- [WORK TO BE COMPLETED]
Below are records with pictures. Transcribe exactly, and only, the lines from the line with "Fiat 780, 780DT, 880, 880DT, 980, 980DT" to the line with "Gaming Dojo 3.5", both ends included, but not the pictures.

[INPUT MATERIAL Boundary: Start]

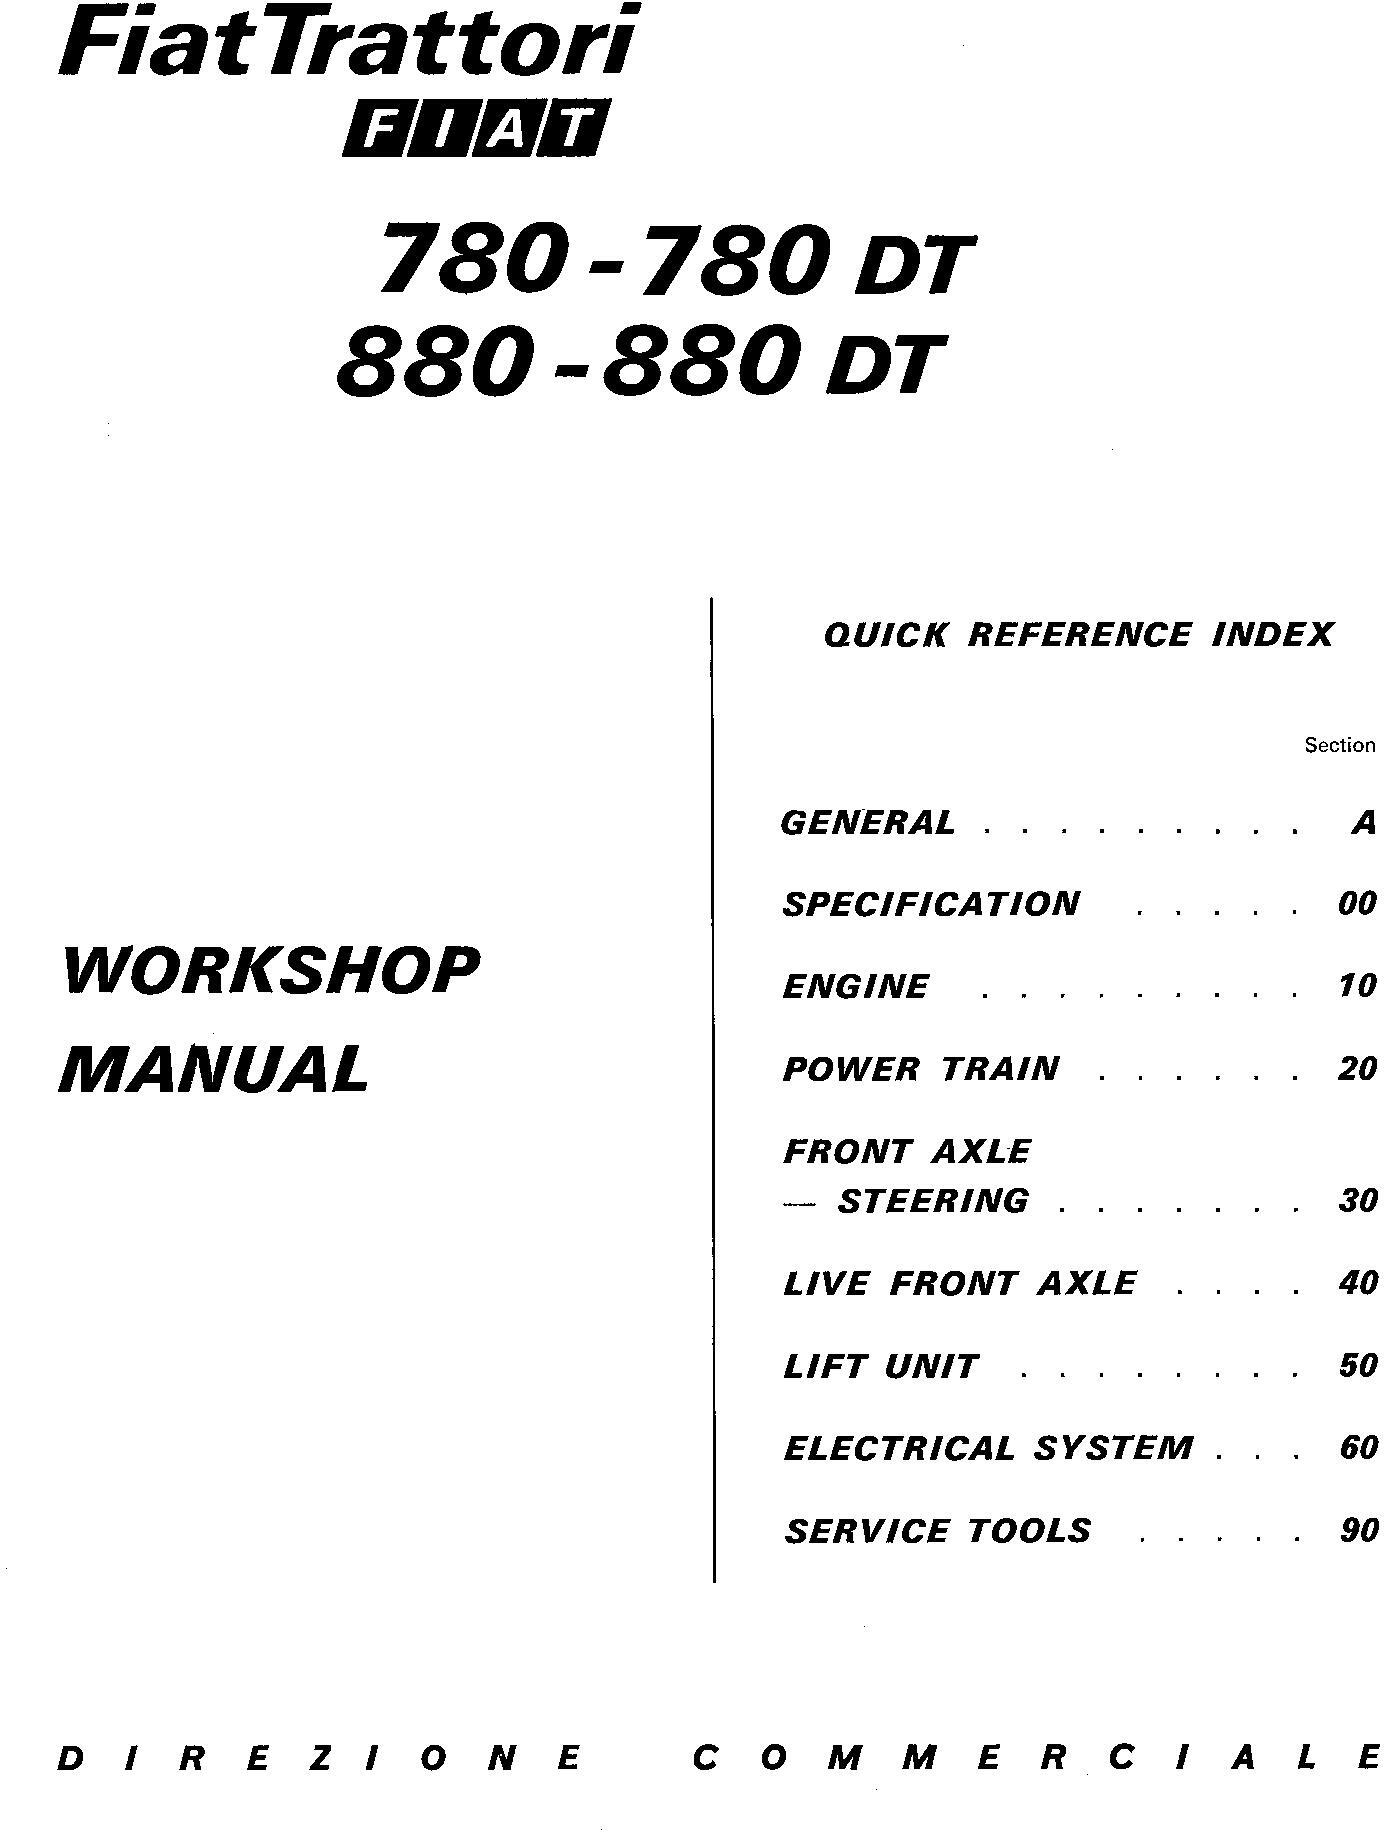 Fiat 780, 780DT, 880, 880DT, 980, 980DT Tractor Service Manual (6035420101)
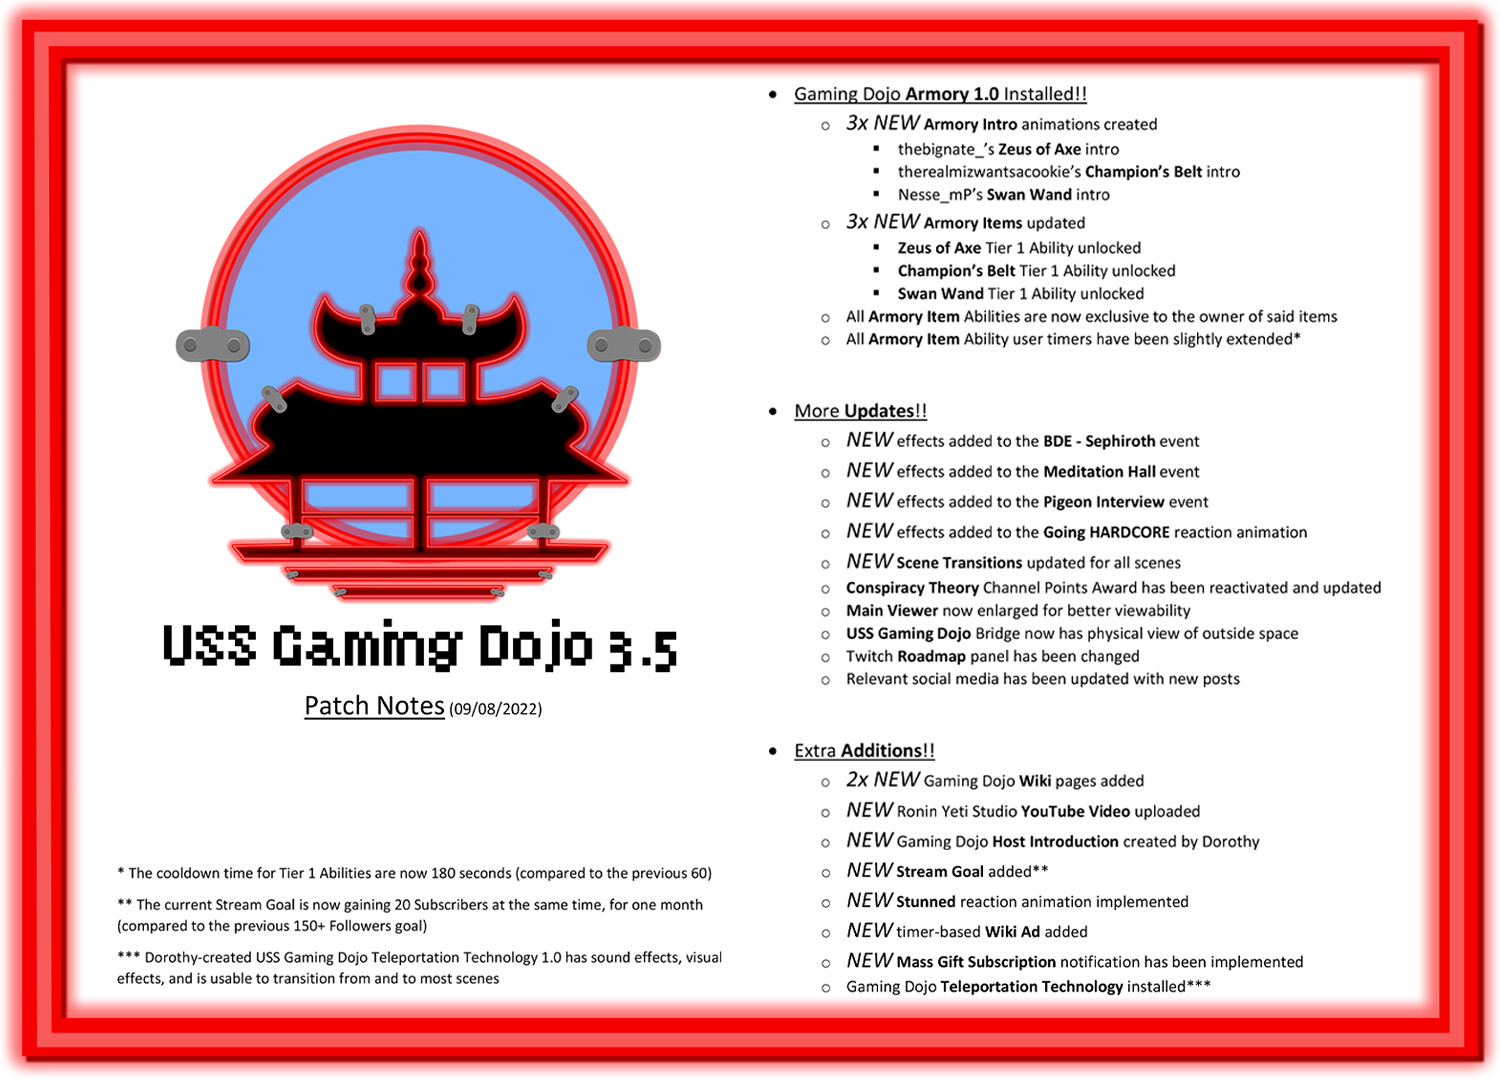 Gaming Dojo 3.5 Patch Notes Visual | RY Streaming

[INPUT MATERIAL Boundary: End]
[INPUT MATERIAL Boundary: Start]

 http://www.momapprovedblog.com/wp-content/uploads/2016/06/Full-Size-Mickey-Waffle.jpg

[INPUT MATERIAL Boundary: End]

- [TASK RESPONSE]
 Fiat 780, 780DT, 880, 880DT, 980, 980DT Tractor Service Manual (6035420101)
 Gaming Dojo 3.5 Patch Notes Visual | RY Streaming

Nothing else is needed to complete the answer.